If the pace continues, New York will spend nearly two-thirds of a billion dollars on overtime this year, according to Comptroller Thomas DiNapoli

New York state agencies racked up more than $316 million in overtime in the first six months of 2014, according to the state comptroller's office, continuing a recent trend of sharply higher overtime costs for taxpayers.

If the pace continues, New York will spend nearly two-thirds of a billion dollars on overtime this year, according to Comptroller Thomas DiNapoli. That would be $30 million more than in 2013. Overtime costs were $529 million in 2012 and $469 million in 2011.

"This troubling trend could again result in a record-breaking year of overtime hours and overtime pay," DiNapoli said in a statement accompanying his report. "Our state agencies need to examine their practices, get to the root of what is driving high overtime and better manage these costs."

While overtime costs are up for the state, a spokesman for Gov.

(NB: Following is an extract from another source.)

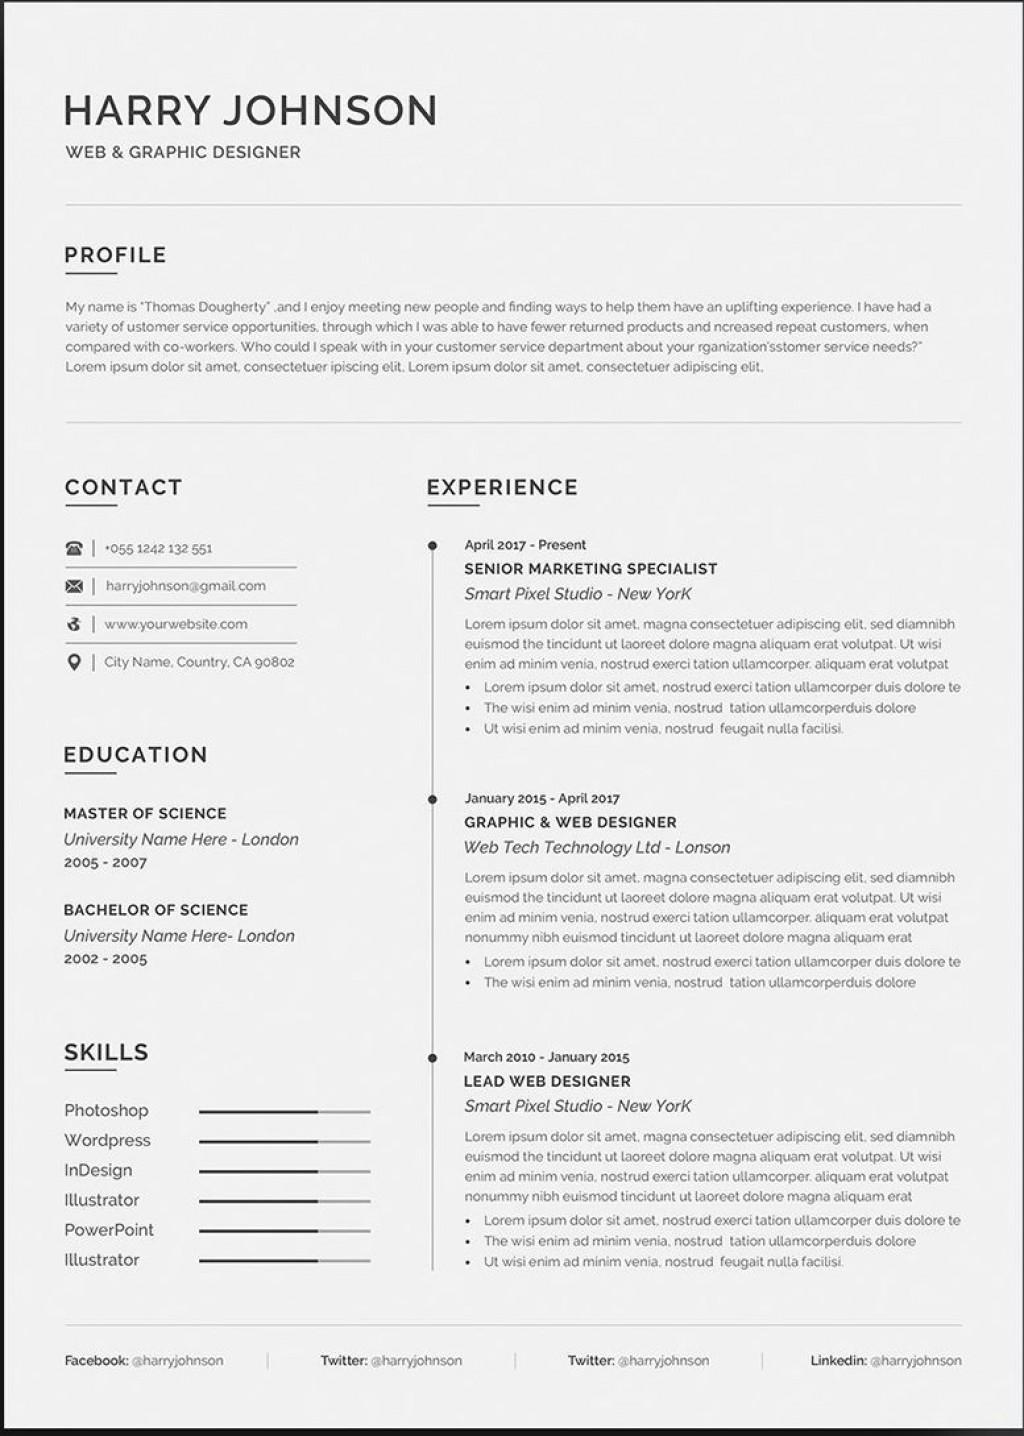 004 Amazing Microsoft Word Resume Template High Resolution  Reddit 2019 2010 Free DownloadLarge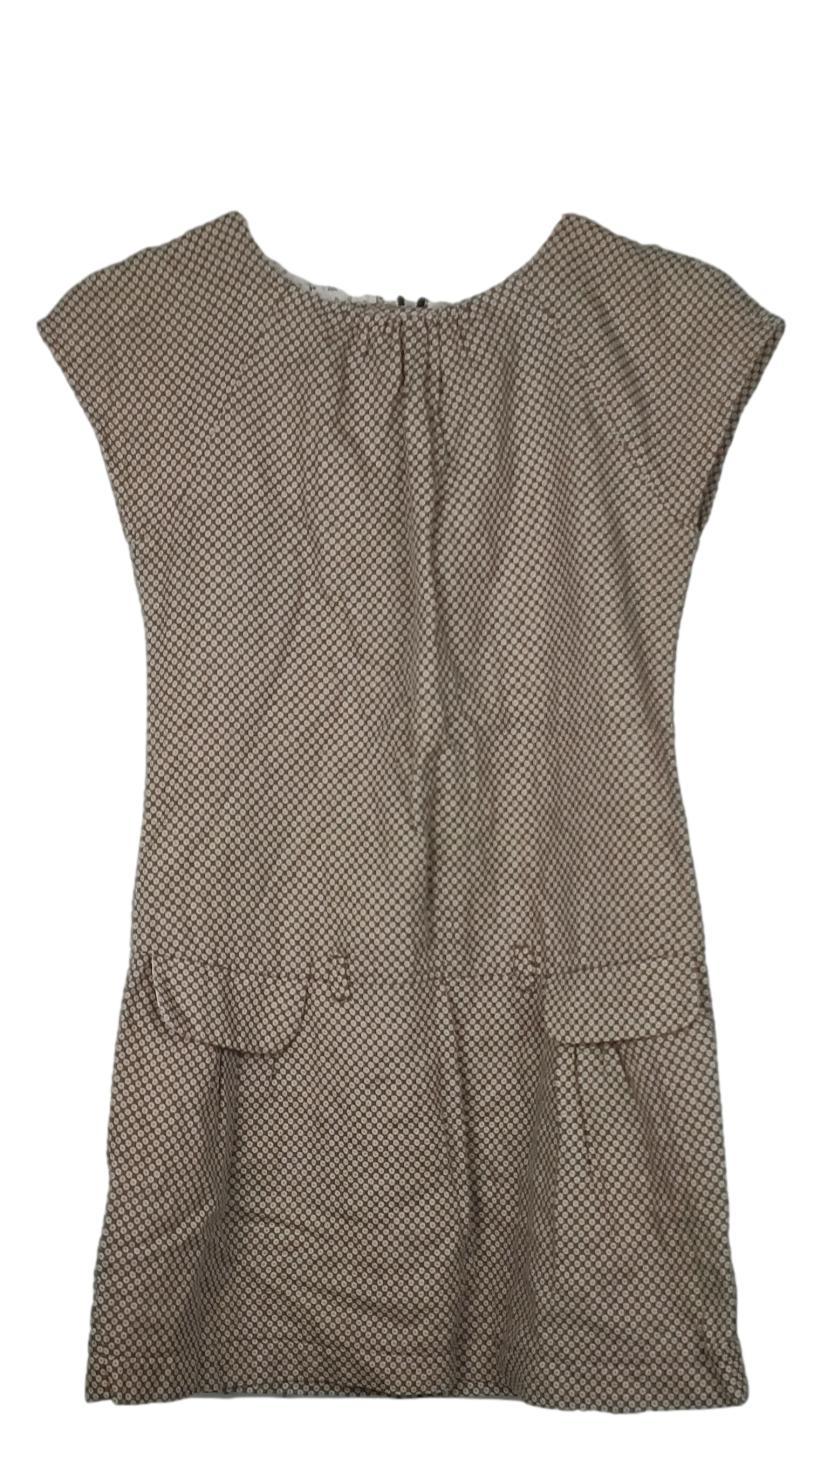 Zara- taille1-12 ans

Andrew Cuomo said New York state's overall personnel costs are down from past years and that state agencies are still within their budgeted overtime.

Cuomo's office said changes designed to make government more efficient have reduced overall personnel costs — including salaries and overtime — by $588 million per year compared to the year before Cuomo took office.

"Overtime is used carefully and only when needed," said Rich Azzopardi, a spokesman for the Democratic governor. "The alternative would be a larger, more expensive, state bureaucracy that New York taxpayers can no longer afford."

Overall, state agencies worked more than 7.8 million hours of overtime in the first six months of 2014. The Office for People with Disabilities worked the most overtime, with more than 2 million hours. The state's Department of Corrections had the biggest overtime costs at $79.8 million for more than 1.5 million hours.